By ALM Staff | Law Journal Newsletters |
June 29, 2009

Constructive Trust Claim Survives Dismissal

Kunkel v. Kunkel

NYLJ 4/15/09, p. 29., col. 3

Supreme Ct., Nassau Cty.

(LaMarca, J.)

In son's action against his father to impose a constructive trust on real property, father moved for dismissal of the complaint. The court denied the motion, holding that son's allegations of an oral promise, together with the son's reliance on that promise, were sufficient to state a claim for imposition of a constructive trust.

Father and his first wife acquired the subject premises in 1961. In 1985, they converted the second floor into a separate unit so that the building would be a legal two-family home. Son has lived in the building for his entire life. His complaint alleges that in 1986, when he married, father promised to transfer the entire house to him if he remained in the upstairs apartment. That transfer was not to take place before Dec. 31, 1999. Son further alleges that in reliance on his father's promises, he made payments of $800 to $1,000 per month in order to build equity in the house, and he also contends that he made substantial improvements. He contends that in July 2008, father, influenced by a new and younger wife, demanded that he vacate the premises and refused to recognize son's interest in the premises. Son brought this action for imposition of a constructive trust, breach of contract, fraud, conversion, and partition. Father moved to dismiss.
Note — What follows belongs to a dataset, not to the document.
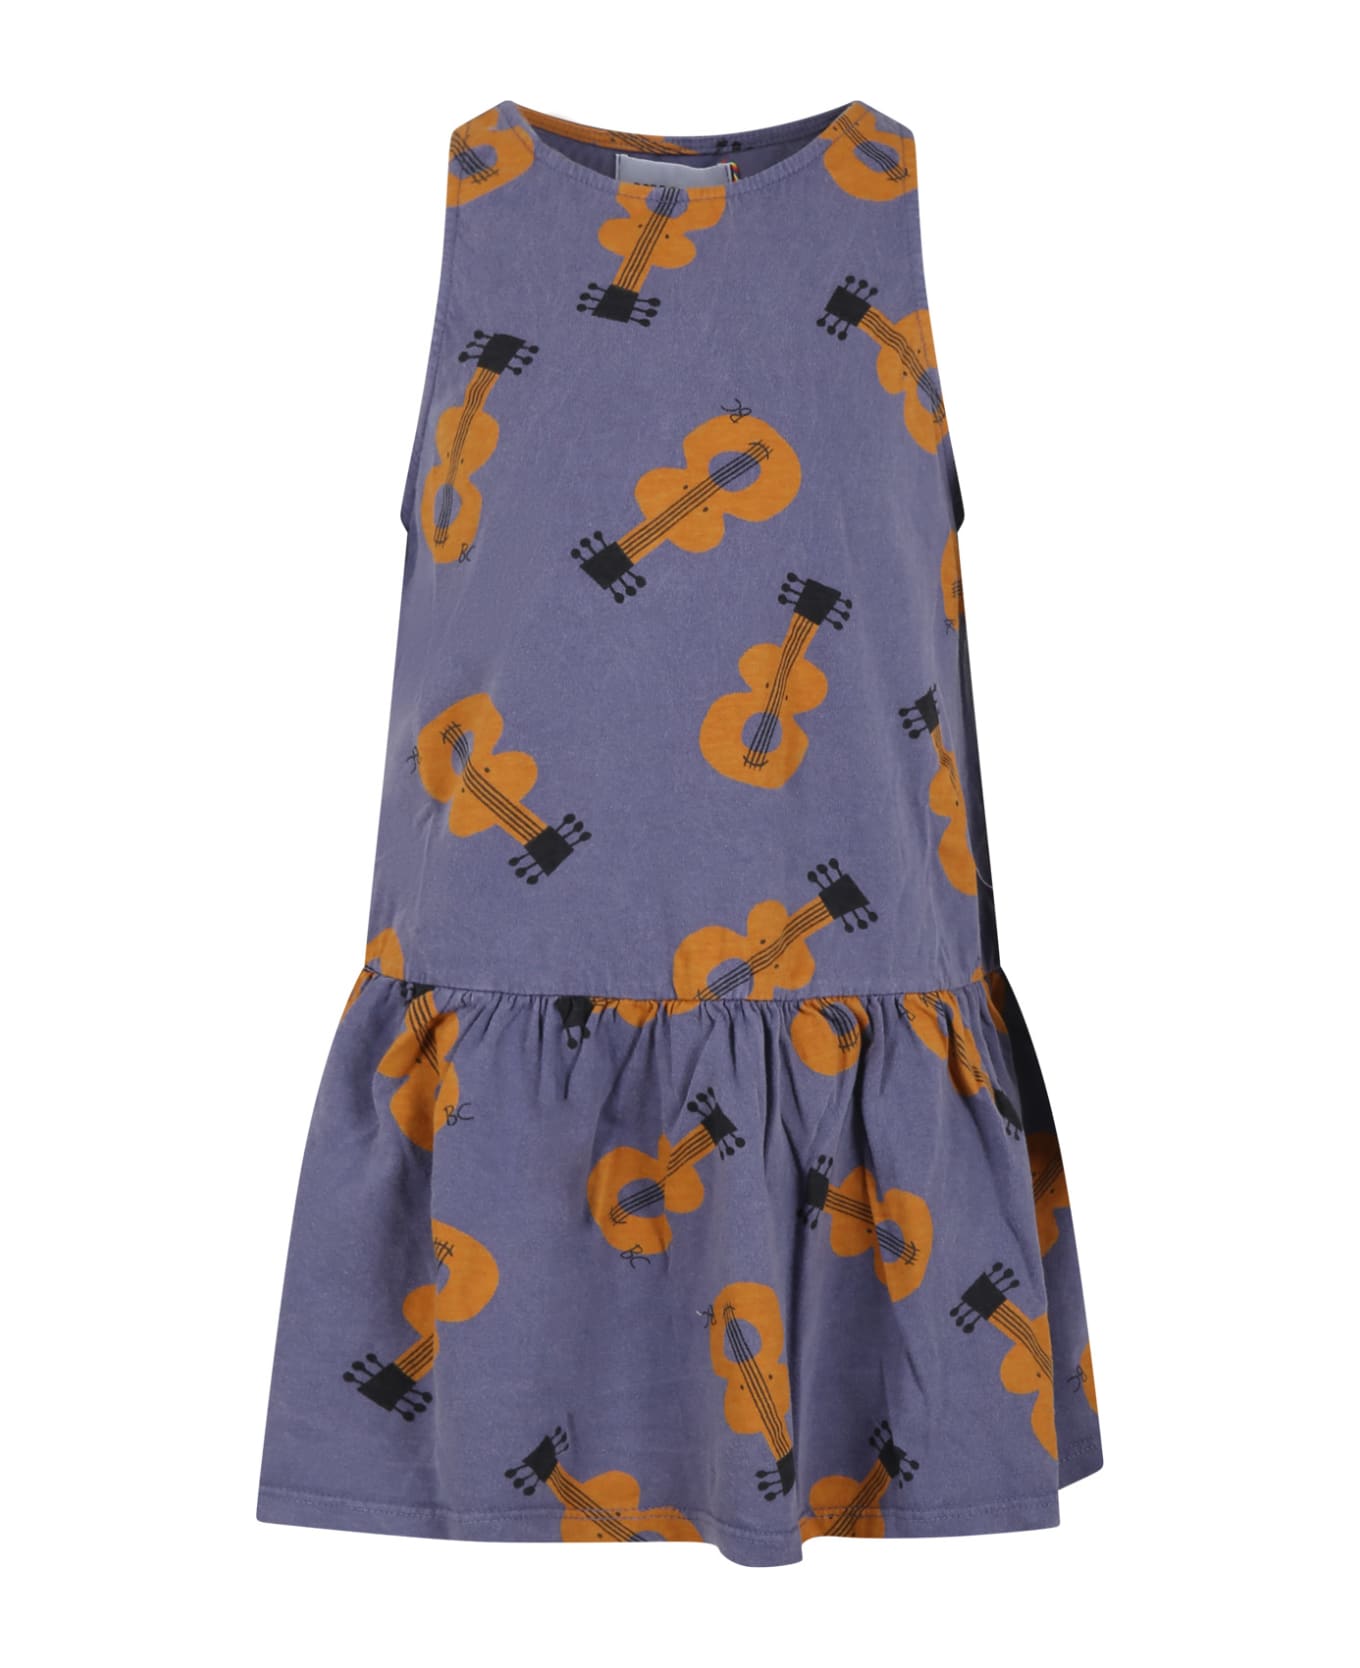 Bobo Choses Purple Dress For Girl With Guitars - Violet ワンピース＆ドレス

In denying father's motion to dismiss, the court held that son's complaint stated a cause of action for imposition of a constructive trust. The court noted that the complaint alleged that over 23 years, the son paid $300,000 to the father in reliance on the father's promise to convey title, and that failure to enforce the father's promise would now leave the son and his wife without their own home and burdened by the necessity of paying a mortgage well into retirement. The court held that these allegations were sufficient to avoid dismissal of the complain. The court did, however, dismiss the breach of contract claim based on the statute of frauds, and refused to apply the part performance exception to the statute of frauds because the parties' behavior was consistent with a landlord-tenant relationship as well as with the alleged oral contract. Because the only fraud alleged was breach of the contract, the court dismissed the fraud claim. Finally, the court held that son's alleged equitable interest was insufficient to sustain a claim for partition.

COMMENT

Although the statute of frauds ordinarily prevents enforcement of oral agreements to convey land, a promise may invoke constructive trust doctrine or part performance doctrine to avoid the statute of frauds. Constructive trust doctrine is most helpful to a promise when the parties have been engaged in a confidential relationship which explains that absence of a written contract and triggers equitable considerations. For example, in Sharp v. Kosmalski, 40 N.Y.2d 119, a dairy farmer developed a close relationship with a younger woman, asked her to marry him, provided her with access to his bank accounts, and transferred his dairy farm to her. She responded by ordering the dairy farmer to move out of his home and vacate the farm. Although the transfer was made without an explicit promise or understanding, the Court of Appeals held that an agreement should be implied from the circumstances, and that a constructive trust in favor of the farmer should be imposed if, on a review of the facts, the courts below concluded that the woman had been unjustly enriched.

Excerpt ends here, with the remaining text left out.